1944 - Establishment of the IMF

The first international agreement on gold came with the signing of the International Monetary Fund’s articles of agreement in July 1944.

The IMF was created in order to rebuild the global monetary system after the Second World War, and its articles laid down that all member countries should establish ‘par values’ for their currencies in terms of gold, or in terms of the US dollar which was itself pegged to gold. One dollar was valued at 0.888671 gram of fine gold, or US$35 an ounce.

The agreement confirmed the price of gold as established by President Roosevelt in 1933, and gold became the foundation of the first international monetary system established by international agreement. It was the ‘glue’ that held the system of exchange rates together.

To give the new IMF usable resources to enable it to start lending, members were also required to pay 25 per cent of their subscription to the Fund in gold. Members had to buy and sell gold at the fixed price, plus or minus a margin set by the IMF. Gold was the ultimate reserve asset.

This requirement and the growth of membership resulted in IMF holdings of gold rising to 153 million ounces by 1975, at the time worth US$21 billion.

1960s – Central banks try to stabilise gold prices

In 1961, a ‘gentlemen’s agreement’ among central banks - known as ‘The Gold Pool’ - was established to hold the price of gold close to the then official price of US$35 an ounce.

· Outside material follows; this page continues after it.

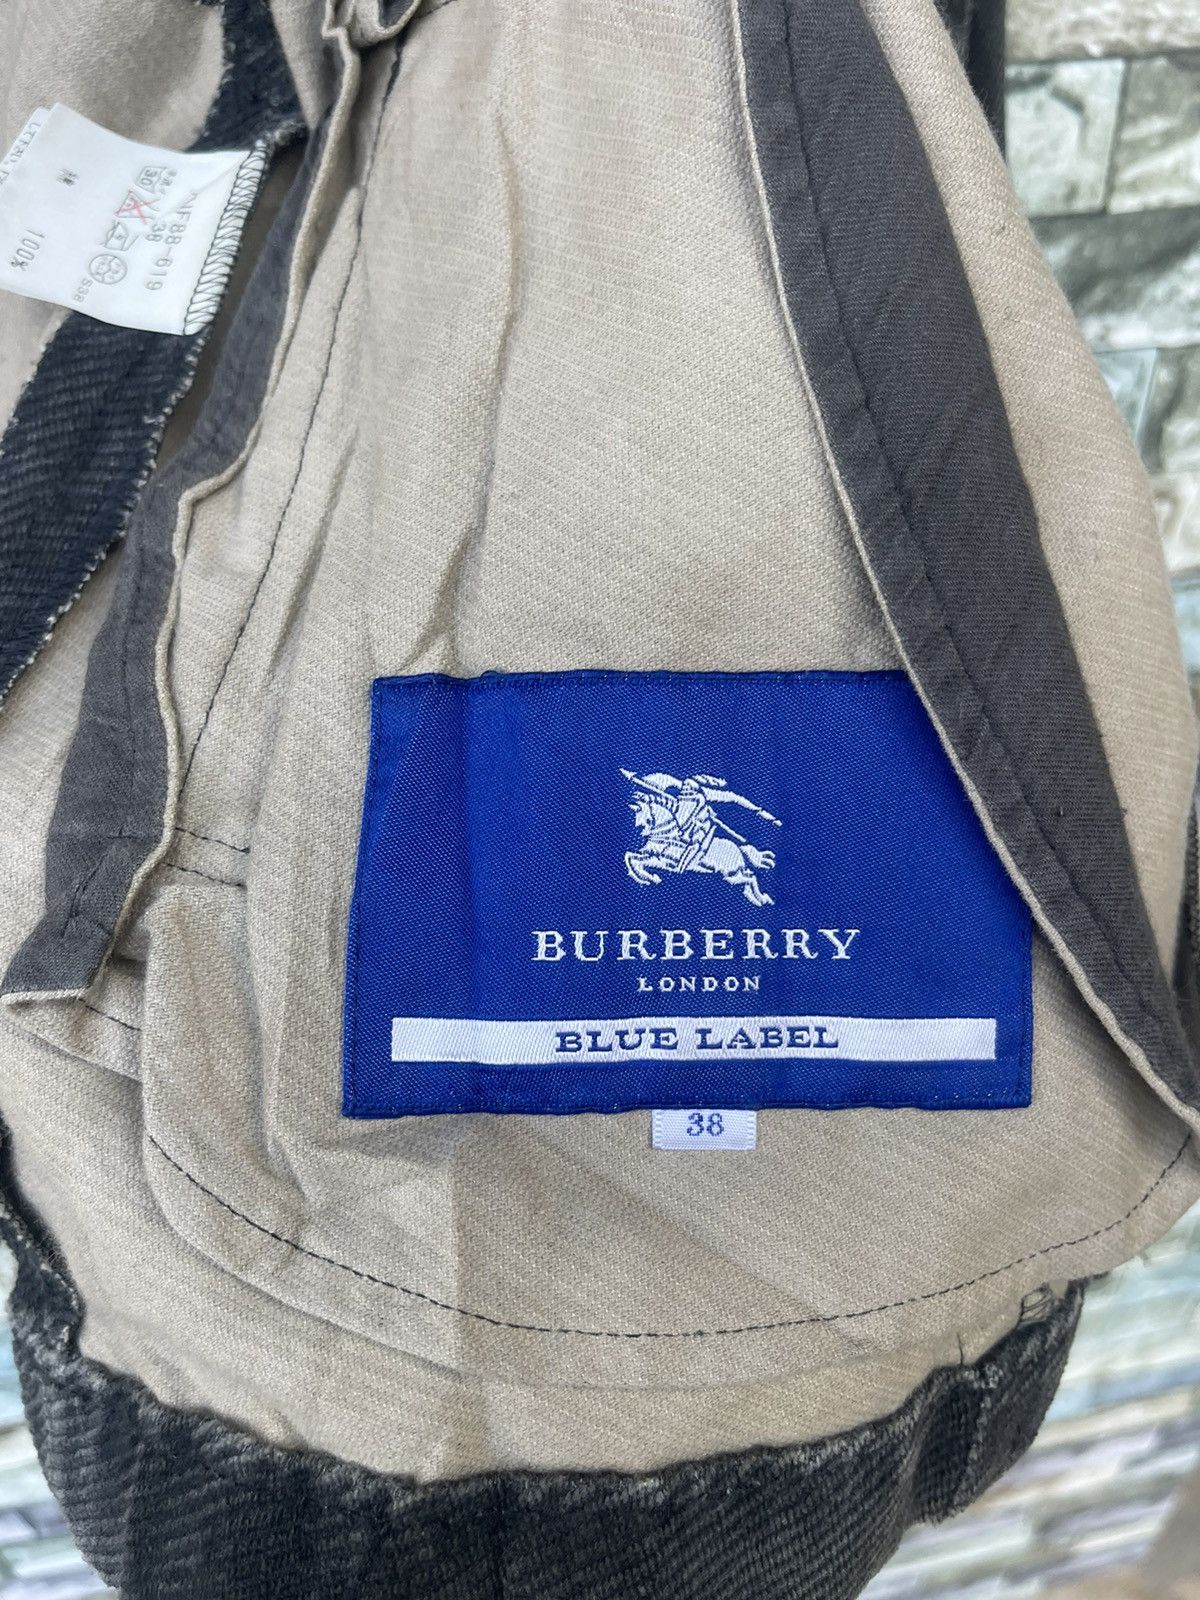 Burberry London Blue Label Denim Jacket - 3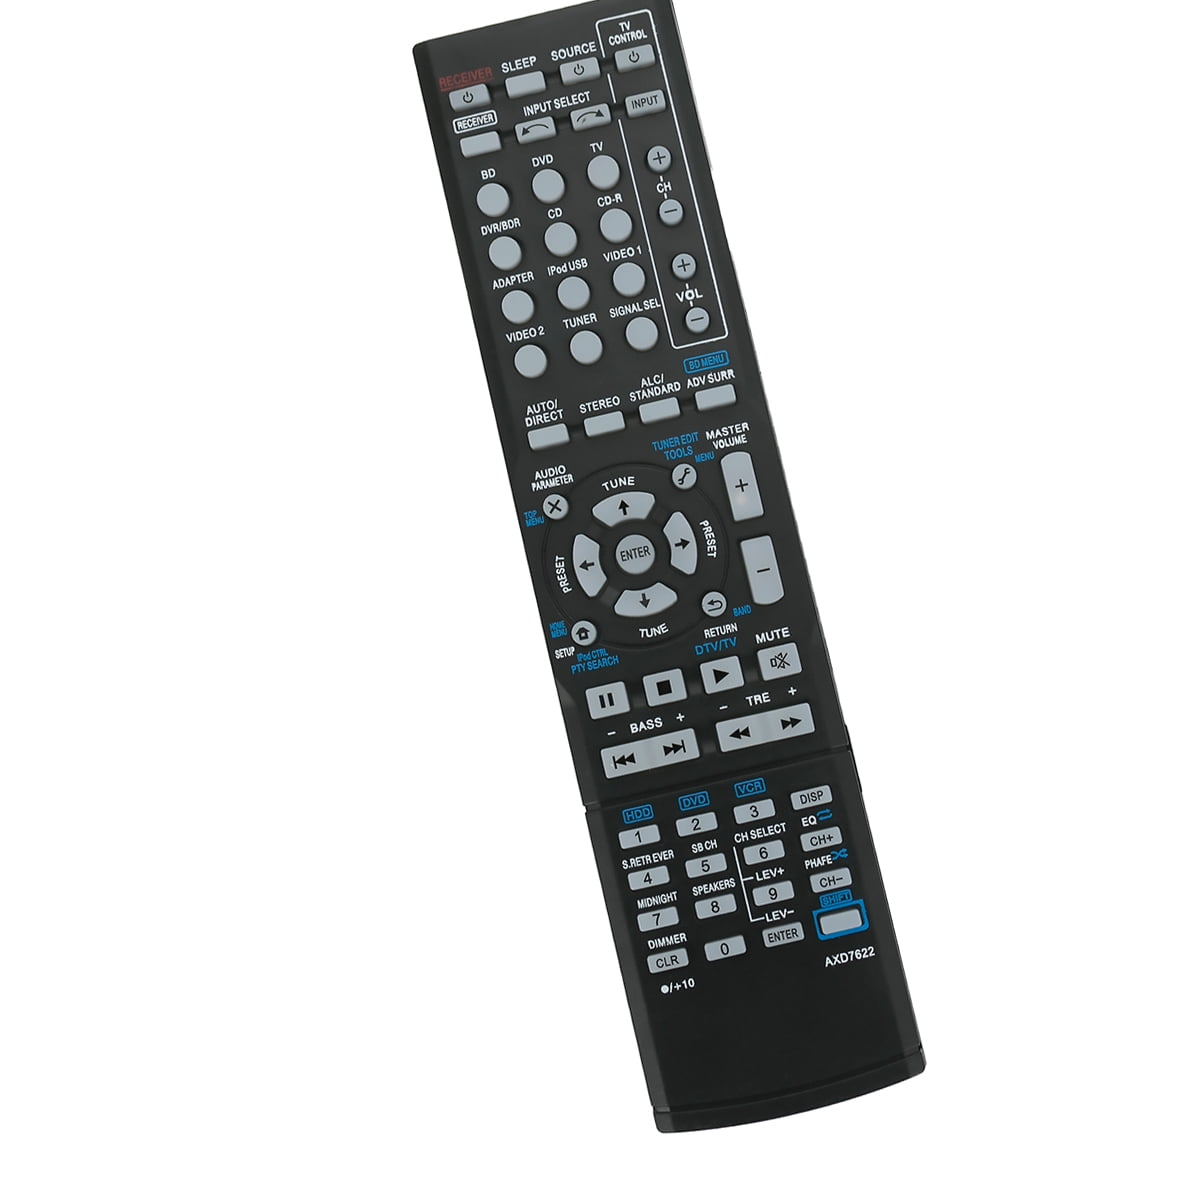 at lege gnier announcer New Replaced Remote Control AXD7622 Fit for Pioneer AV Receiver VSX-821 VSX-821-K  VSX-921 VSX-921-K - Walmart.com

The previous year, the price had risen to US$40 per ounce following panic buying of gold during the US presidential race and a speculative attack on the dollar. According to the Bank of England, “this state of affairs threatened the whole structure of exchange relationships in the western world”. The bank, with the support of the US authorities, sold gold on a substantial scale to bring the price down “to more appropriate levels”.

In October 1961, following a further speculative flurry, the central banks of Western Europe agreed to cooperate with the New York Federal Reserve Bank to stabilise the market.

A period of coordinated gold purchases followed the change of market conditions. However, the Cuban missile crisis of July 1962 triggered record demands for gold on the London market, which was again met by official selling. The objective throughout was to “avoid unnecessary and disturbing fluctuations in the price of gold in the free market”.

The Bank of England’s conclusion on this experiment was that “the knowledge that the central banks were working together in the gold, as well as in the exchange markets, has helped to maintain public confidence in the existing international monetary structure”.

The central banks abolished The Gold Pool in 1968, agreeing that they would no longer supply gold to the market but transact only among themselves at the official price. This established a two-tier system – one for private transactions, where the price fluctuated according to supply and demand, and the other for official transactions.

This agreement lasted until November 1973, when the price of gold was allowed to move freely, following the suspension of dollar convertibility into gold—the end of the IMF gold standard—in August 1971.

1978 - The IMF attempts to write gold out of the system

In the late 1970s, the United States led an attempt to remove gold from the international monetary system. The Second Amendment of the International Monetary Fund’s articles was intended to achieve this aim by barring members from fixing their exchange rates to gold and removing the obligation on members to conduct transactions in gold at the officially mandated price.

The amendment followed the failure of previous attempts to establish a new international monetary system, including the inability of European countries to force the United States to either settle its deficit in gold, or else devalue the dollar against gold.

Not only did the United States refuse to keep gold in the system, it then led a crusade against gold—while being careful to keep a very large strategic stock of gold in its own reserves, sealed off from the outside world.

Symbolising the plan to drive gold out of the system, the IMF was instructed to dispose of 50 million ounces of its gold stock of 153 million ounces. It achieved this partly by sales to the market and partly by giving some gold to members.

Ironically, this exercise had the effect of spreading gold much more widely through the international community than ever before, and gave many countries a new interest in the gold market. Few countries showed any inclination to sell the gold handed to them, and in the vast majority of cases it continues to sit on their books.